Prenatal hormonal theory
The hormonal theory of sexuality holds that, just as exposure to certain hormones plays a role in fetal sex differentiation, such exposure also influences the sexual orientation that emerges later in the adult.[176][177]
Prenatal stress
It has been hypothesized that prenatal stress (stress to the mother during pregnancy) can increase the probability that the child be homosexual.[178][179][180]
Physiological differences in gay men and lesbians
Recent studies have found notable differences between the physiology of gay people and non-gay people. There is evidence that:
- The average size of the INAH-3 in the brains of gay men is approximately the same size as INAH 3 in women, which is significantly smaller, and the cells more densely packed, than in heterosexual men's brains.[3]
- The suprachiasmatic nucleus was found by Swaab and Hopffman to be larger in gay men than in non-gay men,[181] the suprachiasmatic nucleus is also known to be larger in men than in women.[182]
- The anterior commissure is larger in women than men and was reported to be larger in gay men than in non-gay men,[183] but a subsequent study found no such difference.[184]
- Gay men report, on an average, slightly longer and thicker penises than non-gay men.[185]

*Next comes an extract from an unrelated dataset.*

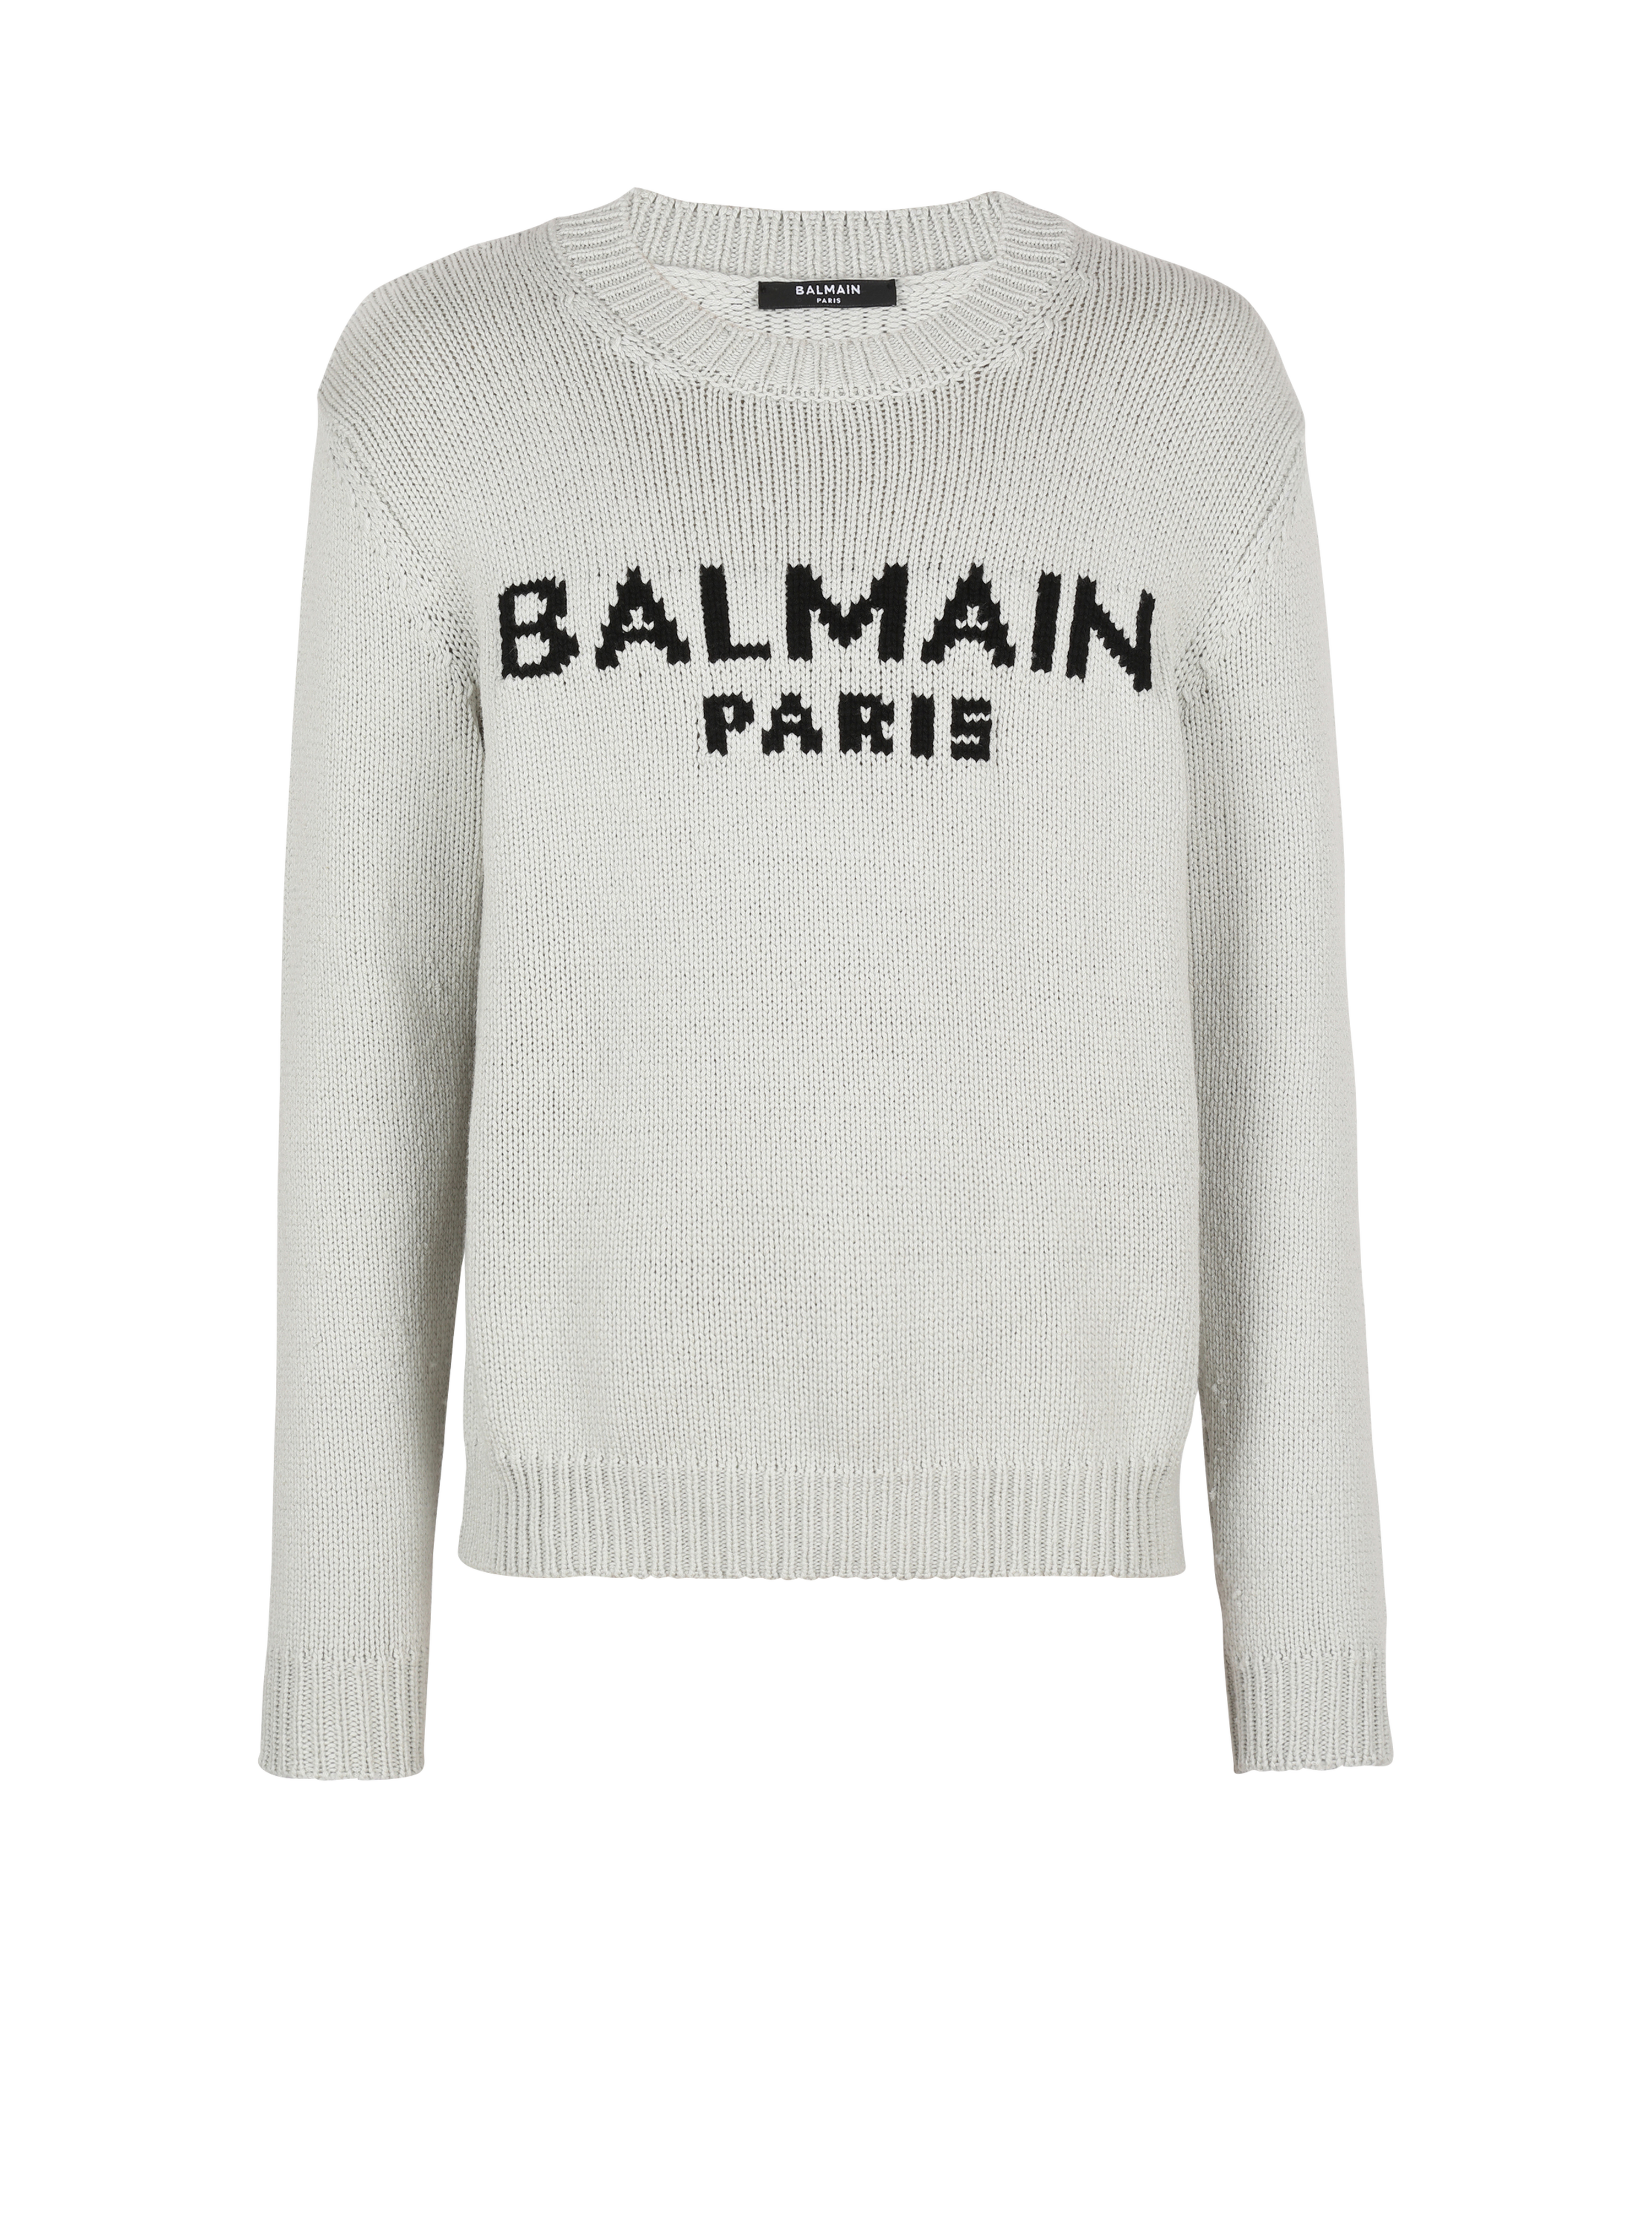 Balmain Paris 로고 장식 울 스웨터, 회색

- Gay men's brains respond differently to fluoxetine, a selective serotonin reuptake inhibitor.[186]
- The functioning of the inner ear and the central auditory system in lesbians and bisexual women are more like the functional properties found in men than in non-gay women (the researchers argued this finding was consistent with the prenatal hormonal theory of sexual orientation).[187]
- The startle response (eyeblink following a loud sound) is similarly masculinized in lesbians and bisexual women.[188]

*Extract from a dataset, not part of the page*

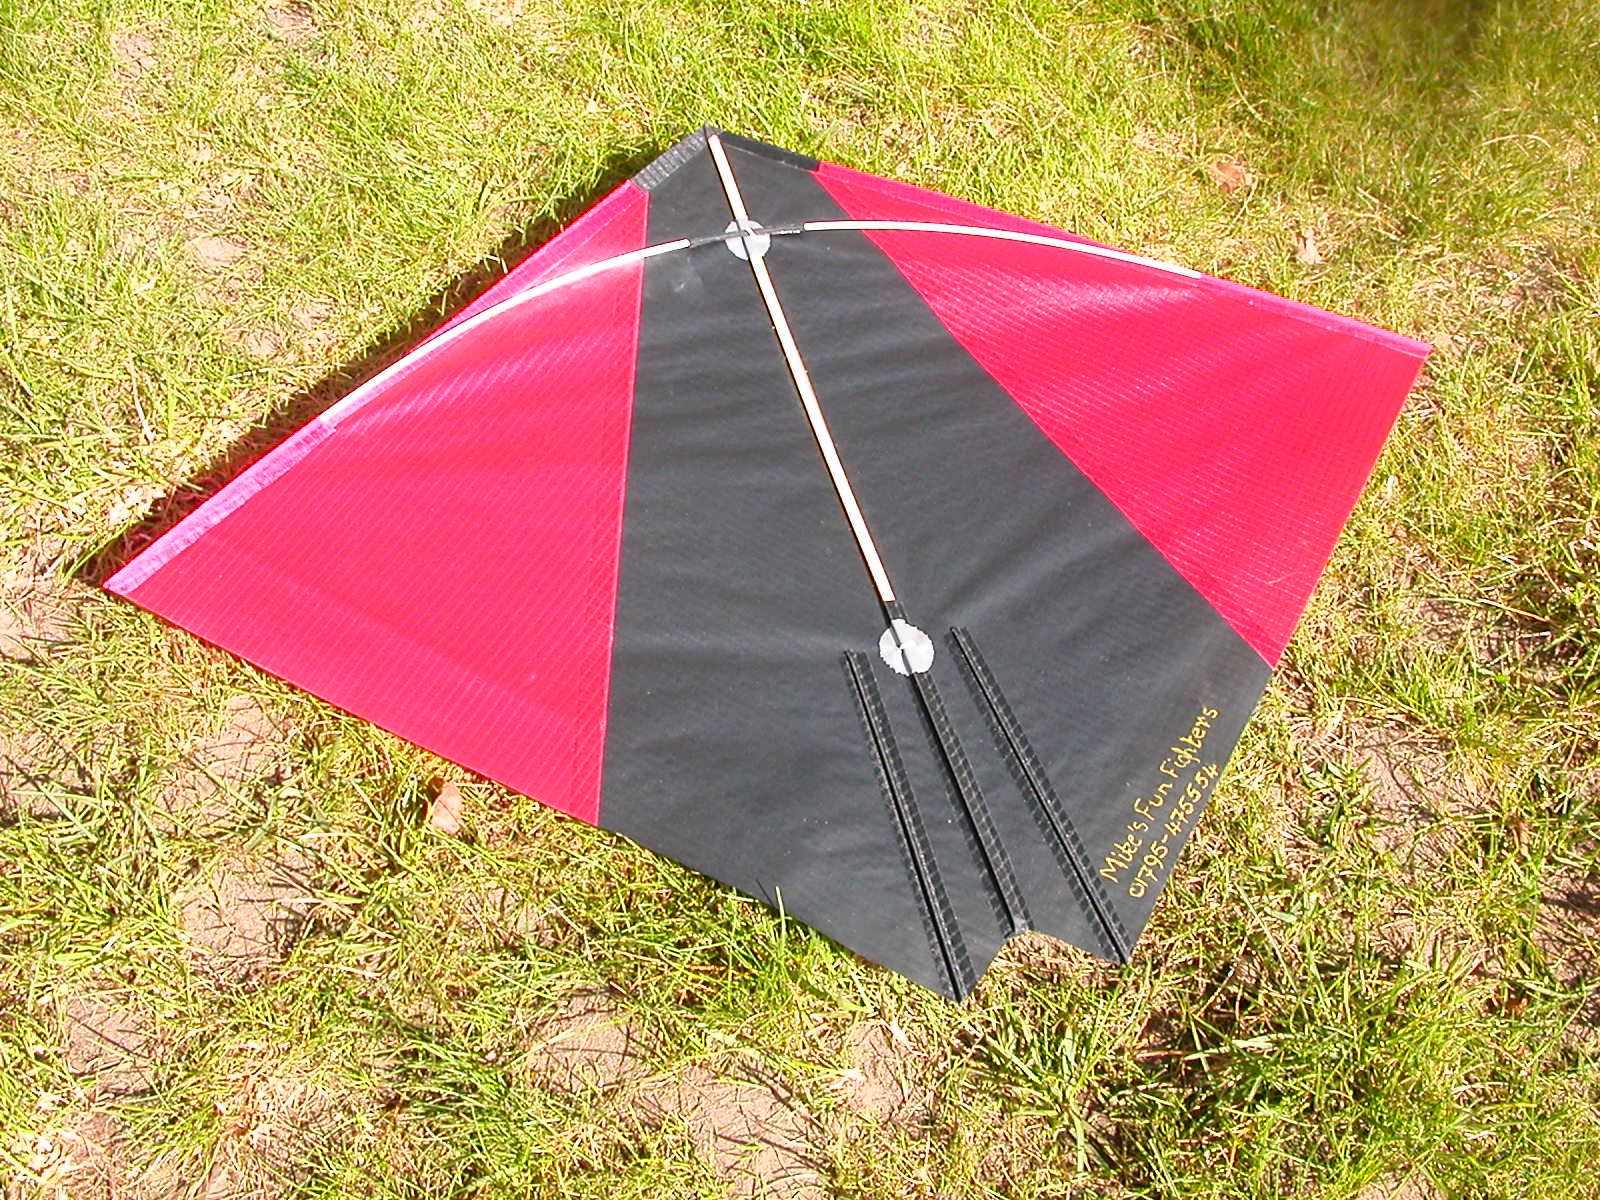 Mike Robinson's kites

- Three regions of the brain (medial prefrontal cortex, left hippocampus, and right amygdala) are more active in gay men than non-gay men when exposed to sexually arousing material.[189]
- Gay and non-gay people emit different armpit odors.[190]
- Gay men are more likely to have a counter-clockwise hair whorl pattern.[191]
- Gay and non-gay people's brains respond differently to two human sex pheromones (AND, found in male armpit secretions, and EST, found in female urine).[192][193][194]
- Finger length ratios between the index and ring fingers may be different between non-gay and lesbian women.[195][196][187][197][198][199]
Cognitive differences in gay men and lesbians
Recent studies suggest the presence of subtle differences in the way gay people and non-gay people process certain kinds of information. Researchers have found that:
- Gay men and lesbians are significantly more likely to be left-handed or ambidextrous than are non-gay men and women;[200][201][202] Simon LeVay argues that because "[h]and preference is observable before birth[203]... [t]he observation of increased non-right-handness in gay people is therefore consistent with the idea that sexual orientation is influenced by prenatal processes," perhaps heredity.[3]
- Gay men[204] and lesbians are more verbally fluent than heterosexuals of the same sex[205][206][207] (but two studies did not find this result).[208][209]
- Gay men may receive higher scores than non-gay men on tests of object location memory (no difference was found between lesbians and non-gay women).[210]
Fraternal birth order
There is evidence from numerous studies that homosexual men tend to have more older brothers than do heterosexual men, known as the "fraternal birth order effect."[211][212] One reported that each older brother increases the odds of being gay by 33%.[213] The fraternal birth order effect is the strongest known predictor of sexual orientation.[214] Interestingly, this relation seems to hold only for right-handed males.[215][216] There has been no observed equivalent for women.[217] Peter Bearman repeated the experiments, but found no correlation between older brothers and male homosexuality and questions the sampling methods used.[218]
The effect has been found even in males not raised with their biological brothers, suggesting an in-utero environmental causation.[214] To explain this finding, a maternal immune response has been hypothesized.[212] Male fetuses produce H-Y antigens which may be involved in the sexual differentiation of vertebrates.[212] Other studies have suggested the influence of birth order was not due to a biological, but a social process.[219]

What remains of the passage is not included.